Converting integers to fix-digit representations quickly

It is tricky to convert integers into strings because the number of characters can vary according to the amplitude of the integer. The integer ‘1’ requires a single character whereas the integer ‘100’ requires three characters. So a solution might possible need a hard-to-predict branch.

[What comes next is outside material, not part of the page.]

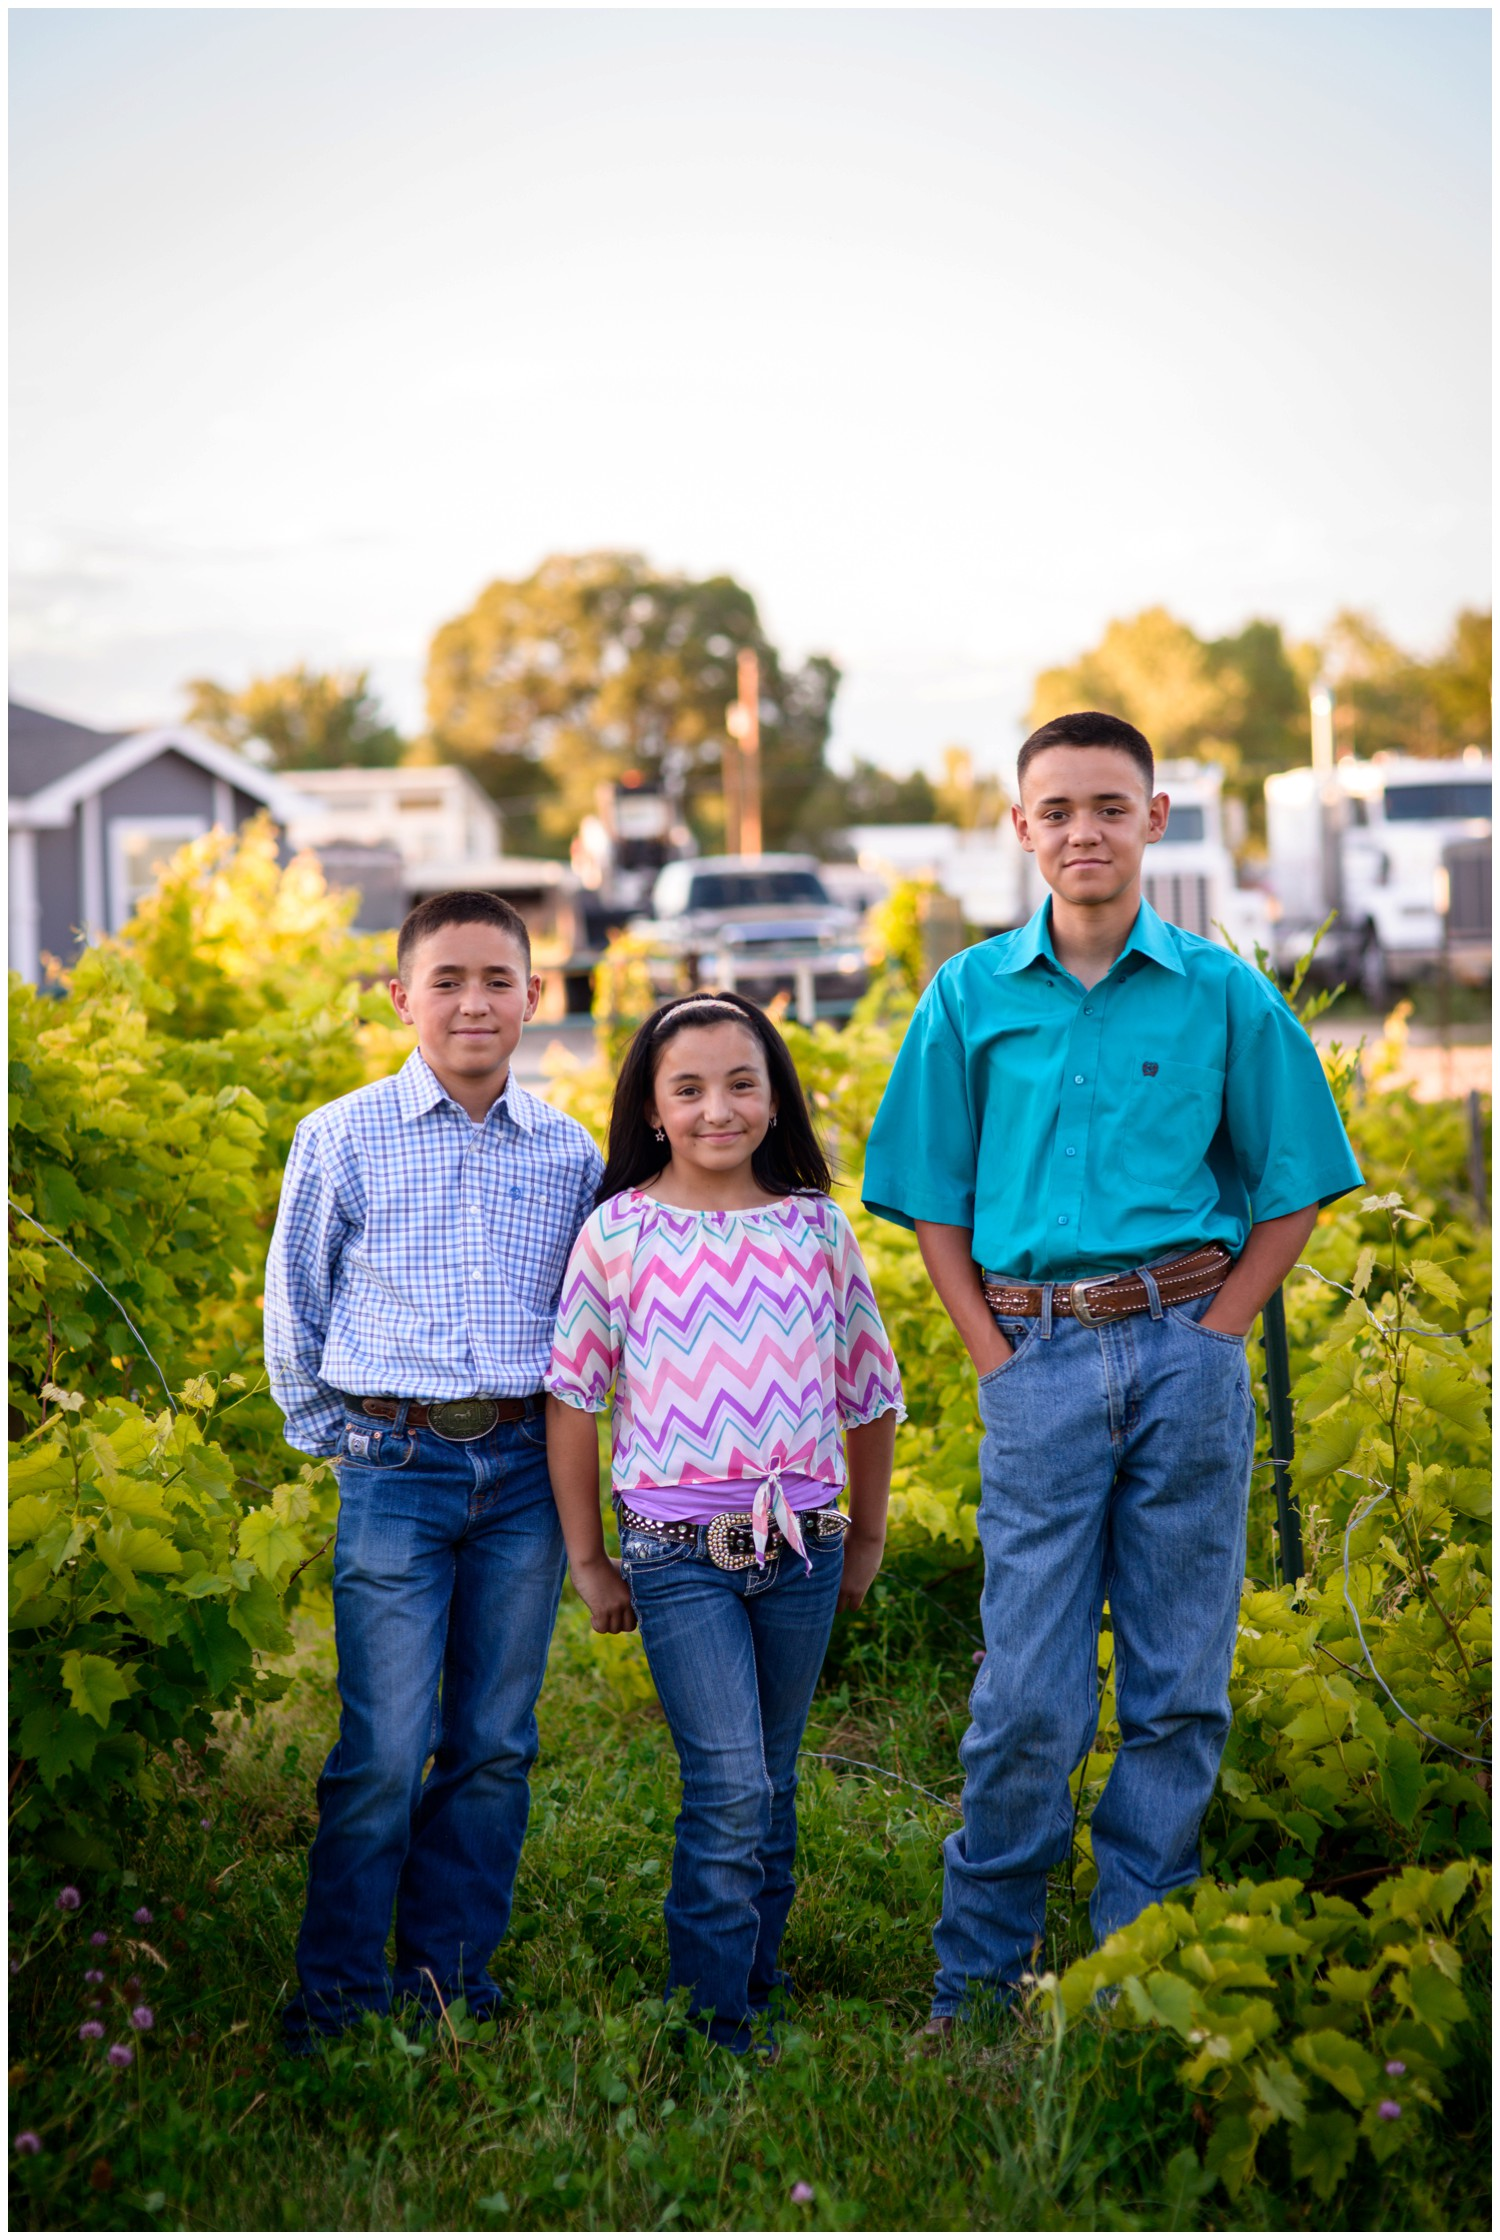 Colorado-lifestyle-farm-family-photography_0036.jpg
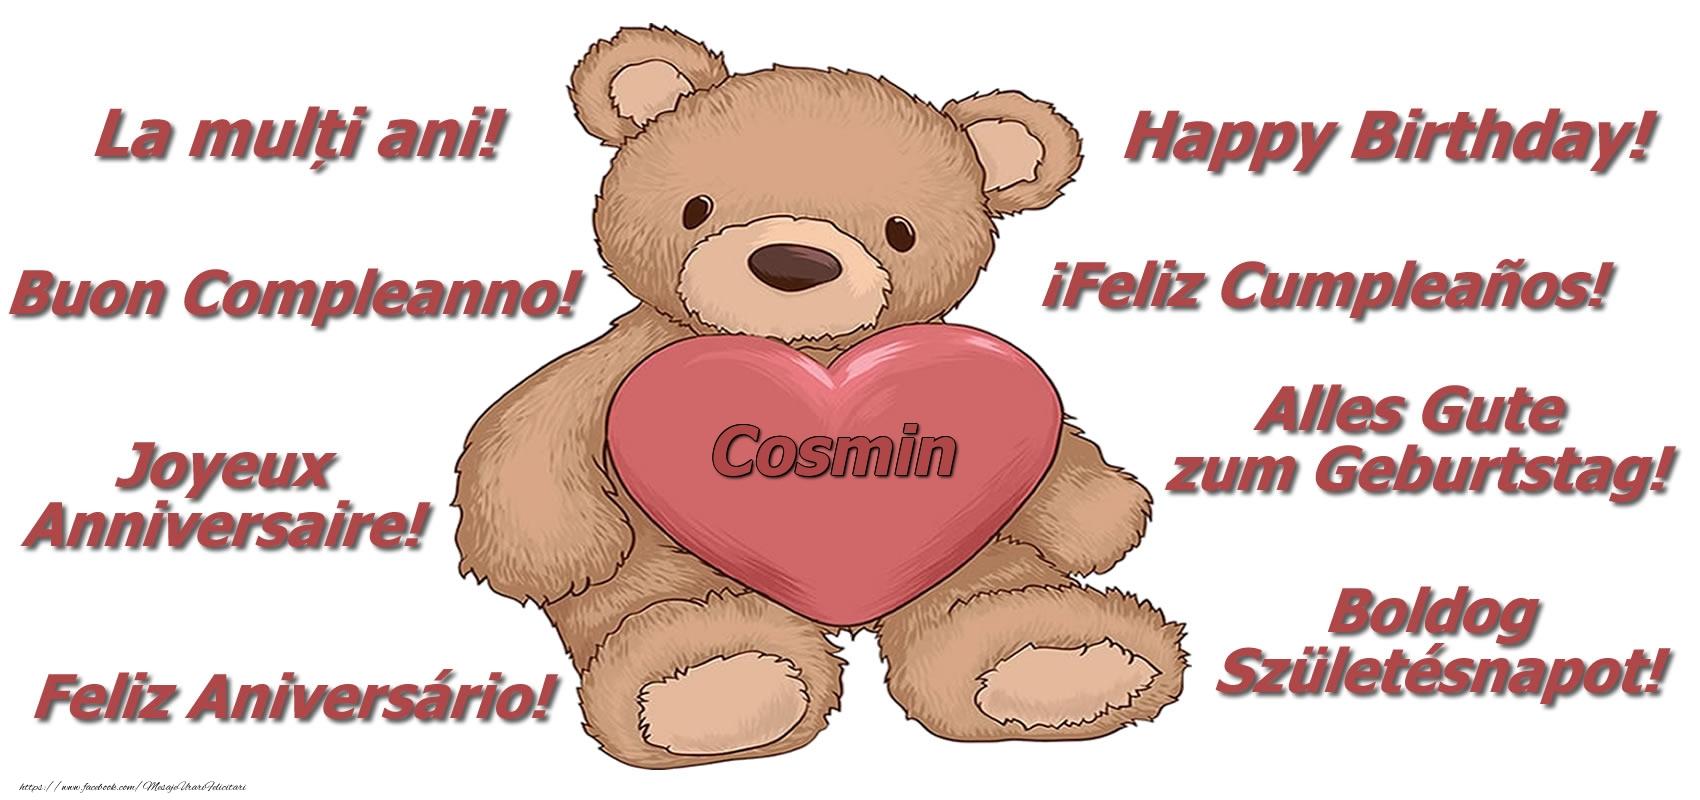 Felicitari de zi de nastere - La multi ani Cosmin! - Ursulet

Let us simplify the problem.

Imagine that you want to serialize integers to fixed-digit strings. Thus you may want to convert 16-digit integers (up to 10000000000000000) to exactly 16 digits, including leading zeros if needed. In this manner, it is easy to write code that contains only trivial branches.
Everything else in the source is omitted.